Моравский ощерился, вскинул кулак с оттопыренным средним пальцем, дал по газам. С истошным визгом покрышек машина рванула с места, закладывая крутой вираж, развернулась вокруг собственной оси и, выпуская из-под колес поток ледяной крошки, устремилась на юг по встречной полосе. В морозной дымке пылал яростный шлейф габаритов.
5
Поднялся с земли. Убедился, что вокруг никого нет. Посмотрел на собственный дом: двадцатый этаж, восемнадцатый. Блестящие окна — в них замерло солнце. Вдохнул поглубже. Плюнул под ноги и отвернулся.
Куст сирени. Под ним — черный лед. Я пробрался к надгробию. Снег здесь обильно увлажнили кровью; кровь превратилась в багровую корочку, покрыла собой невысокий холмик, и от холмика вела цепочка следов. То и дело у рифленых углублений в снегу виднелись темные кляксы. Следы обрывались у контейнера для строительного мусора — зеленый металлический куб стоял на широкой тропе; тропа шла вверх и сужалась, сжимаемая крестами, решетками и столиками со скамьями. Вернувшись на каменные ступени тем же путем, я прошел вверх, вновь оказался на площадке перед церковным крыльцом.

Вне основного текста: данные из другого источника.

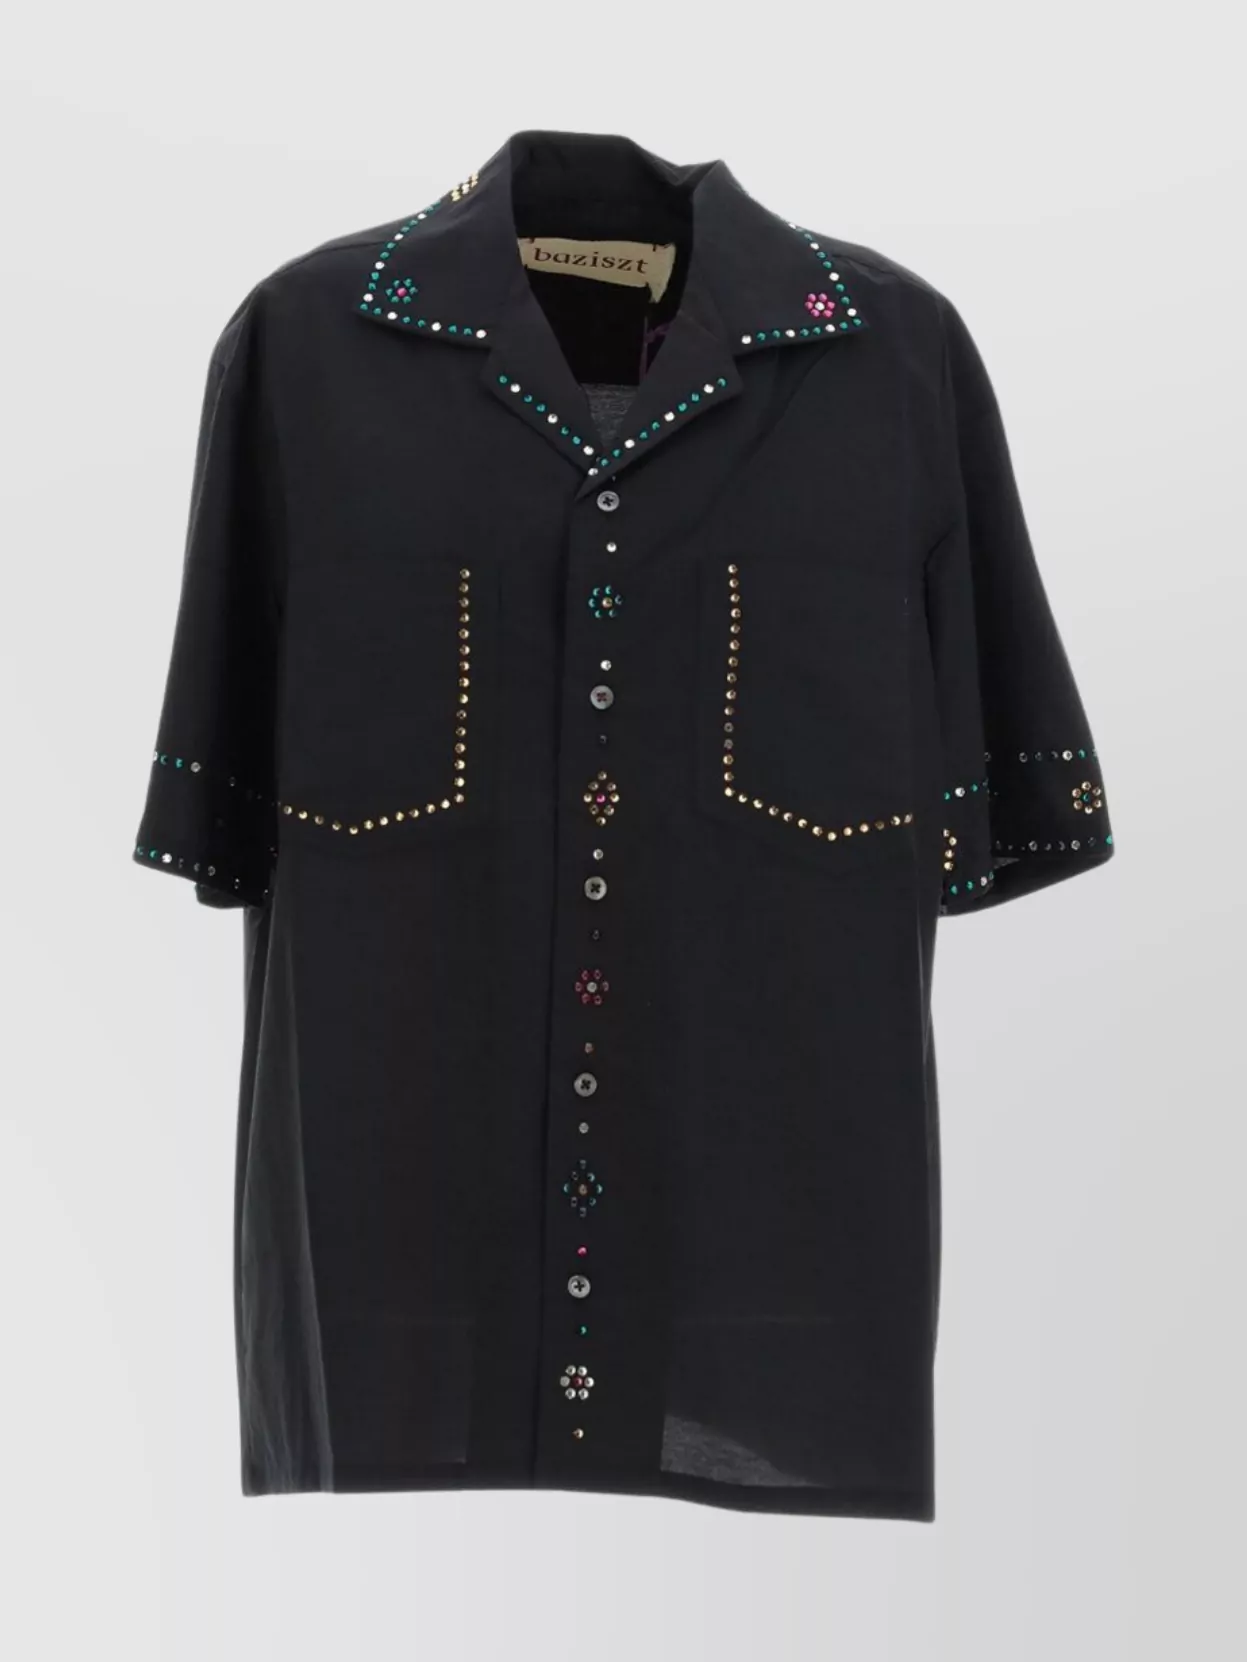 Baziszt Embellished Collar Cuffs Pockets Short Sleeves Shirt In Black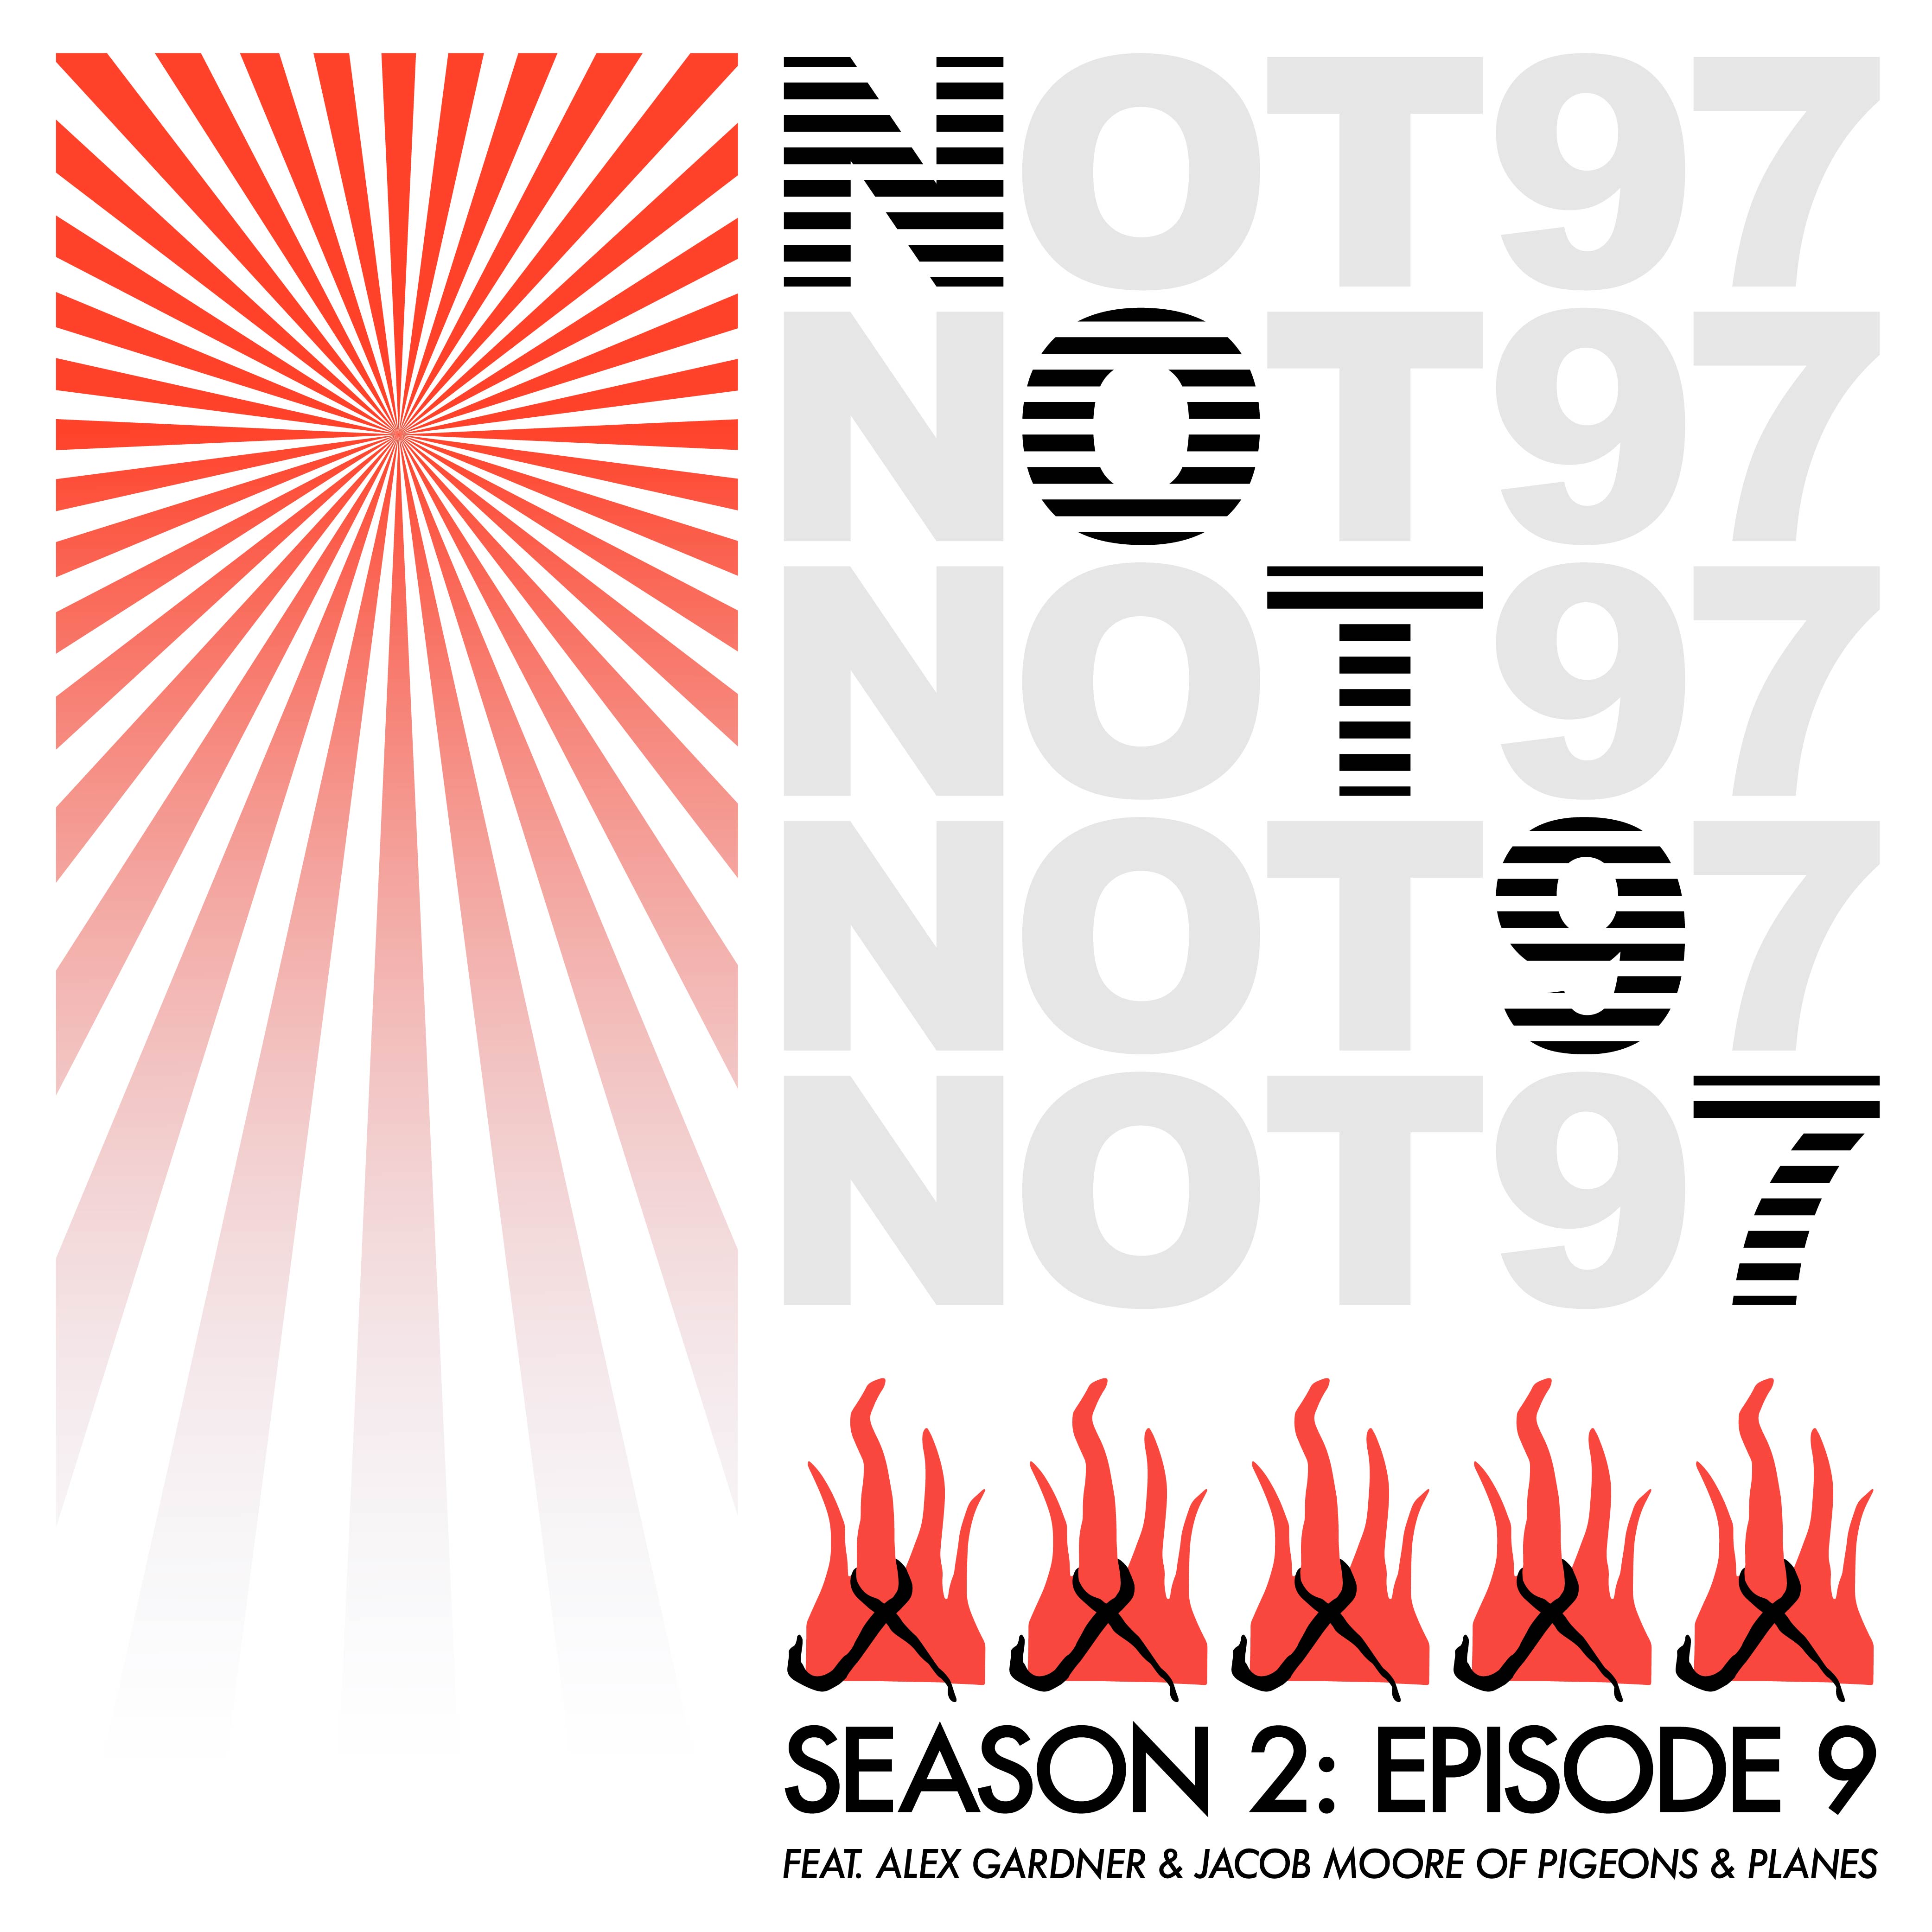  Season Two — Episode Nine (Feat. Pigeons & Planes)

Впереди качался, шумел темный холм. Поднялся до контейнера, глянул сквозь щель: пусто — только днище было покрыто снегом и обломками веток, хвоей. Вдруг под собой увидел багровые капли — точно драгоценные камни, рубины или опалы, выроненные кем-то случайно. Наклонился и сгреб в ладони морозную массу. В белесом месиве тускло блестели на солнце кристаллики алого. Поднес к лицу и понюхал: сладкий металлический аромат смешался с выстуженным запахом озона и грязи. Слепил снежок, пряча в сердцевину алые камушки, бросил через край в контейнер. Не спеша двинулся вдоль оград. Заприметил другую цепочку: лисьи следы, принадлежавшие, очевидно, Маттео Малиньи, туристу из солнечной Калабрии. Должно быть, он тоже увидел кровь у сирени или цепочку из клякс на тропе, и, сгорая от любопытства, решил проследить их путь. Так же, как я сейчас. Только чувства были иные: меня вела циничная, злая, как любовь подростка, тоска.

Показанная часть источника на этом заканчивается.